### ACTIVITY
The full listing is to be transcribed exactly, with each picture left out.

### SUPPLIED MATERIAL
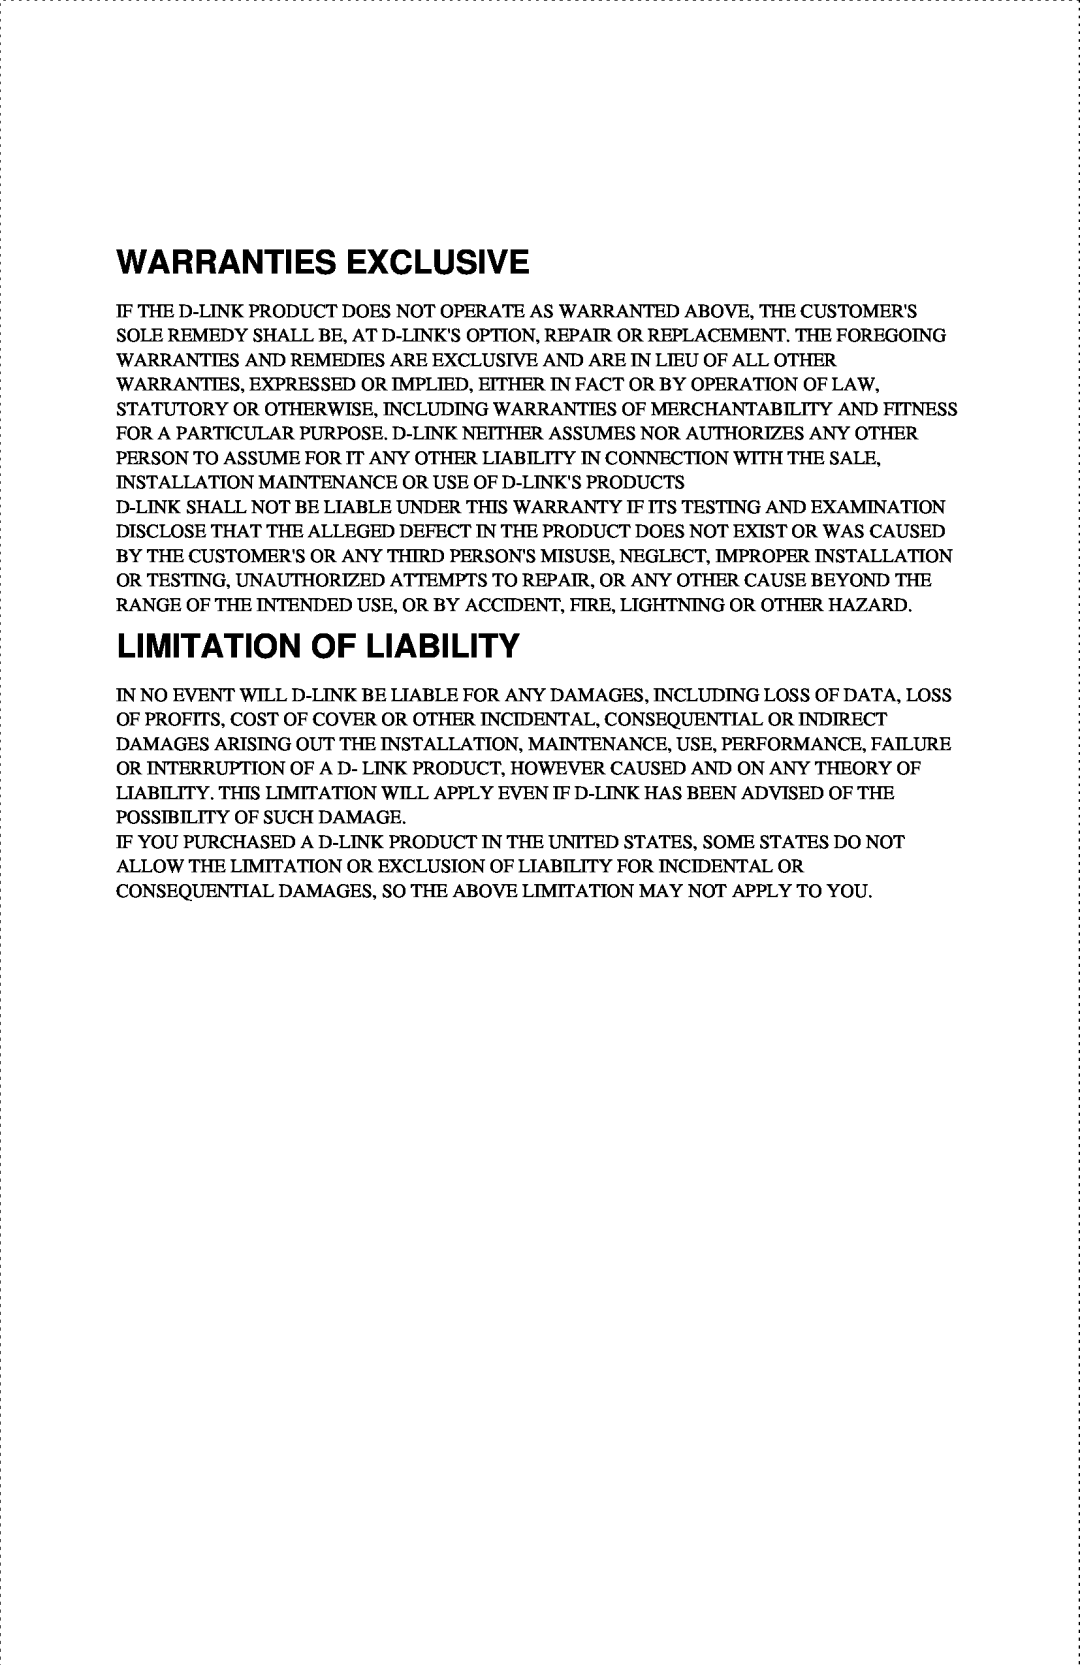 D-Link DES-1004 manual Warranties Exclusive, Limitation Of Liability 
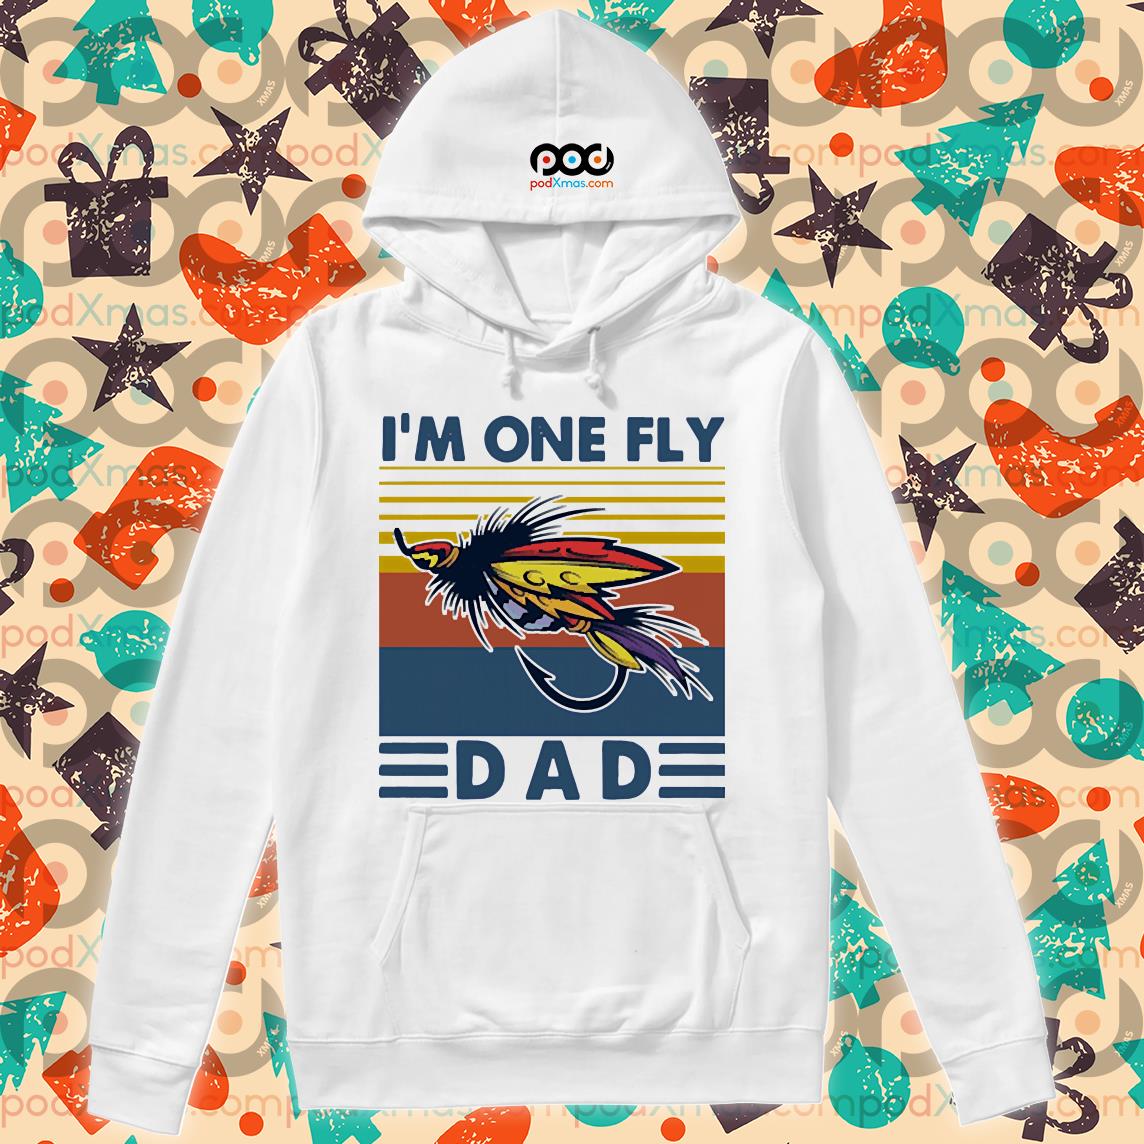 https://images.podxmas.com/wp-content/uploads/2020/05/fishing-im-one-fly-dad-vintage-hoodie.jpg
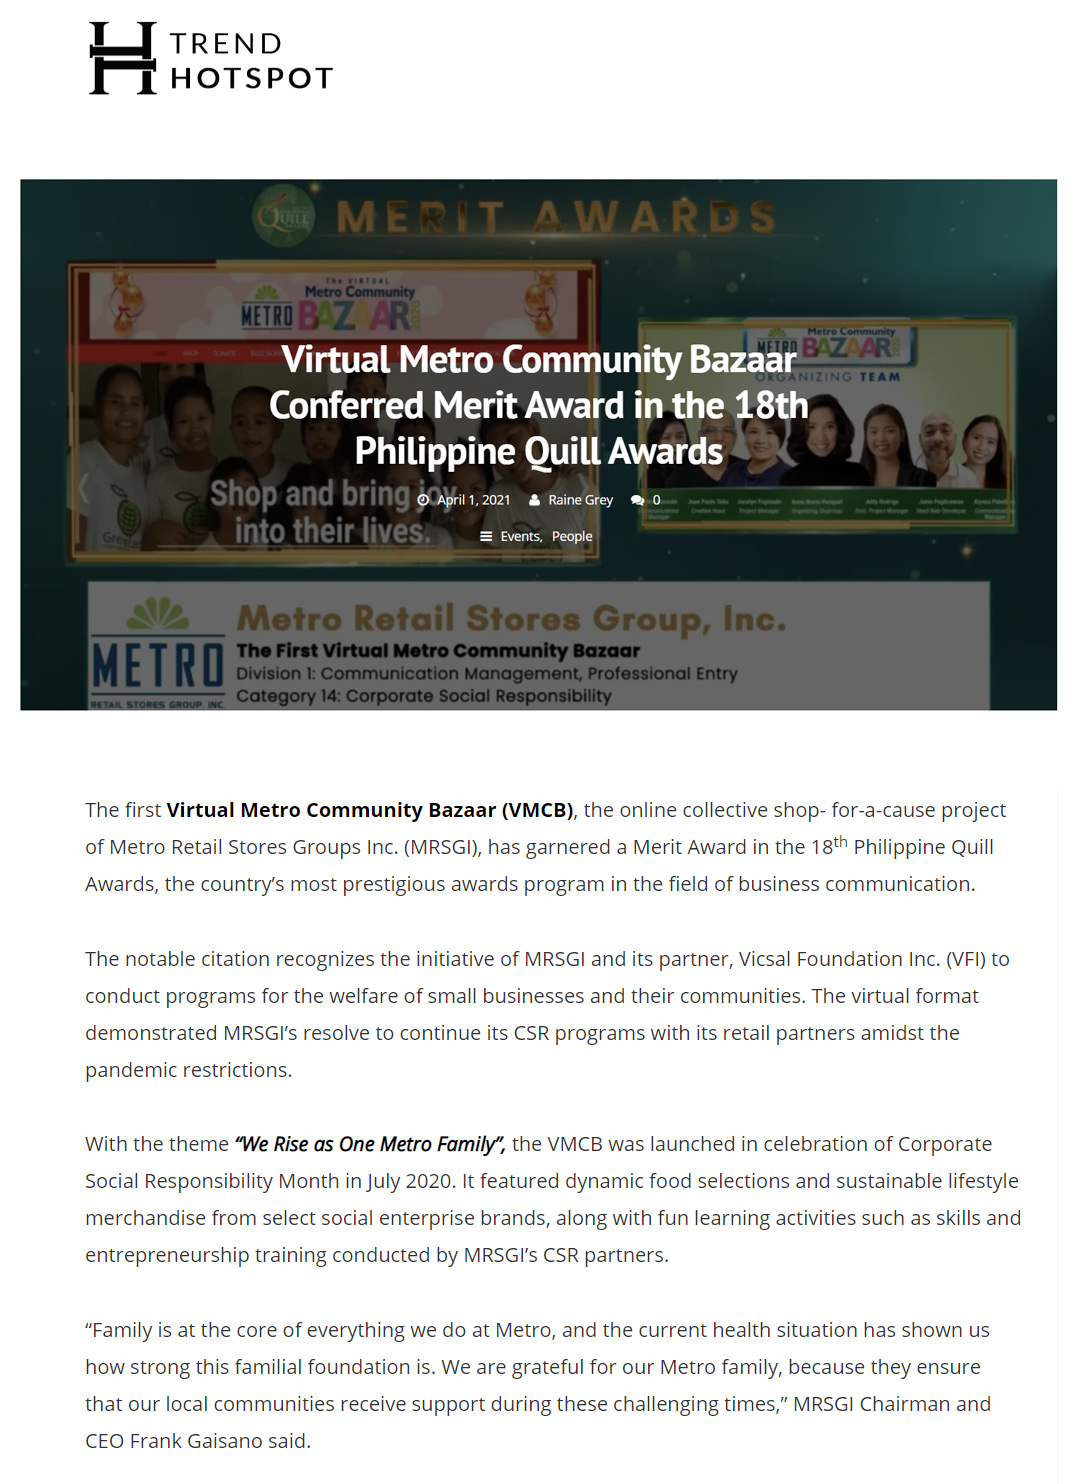 April 7 2021 Virtual Metro Community Bazaar Conferred Merit Award in the 18th Philippine Quill Awards Trend Hotspot

### REPLY TO THE EXERCISE
 D-Link DES-1004 manual Warranties Exclusive, Limitation Of Liability 
 https://images.podxmas.com/wp-content/uploads/2020/05/fishing-im-one-fly-dad-vintage-hoodie.jpg
 April 7 2021 Virtual Metro Community Bazaar Conferred Merit Award in the 18th Philippine Quill Awards Trend Hotspot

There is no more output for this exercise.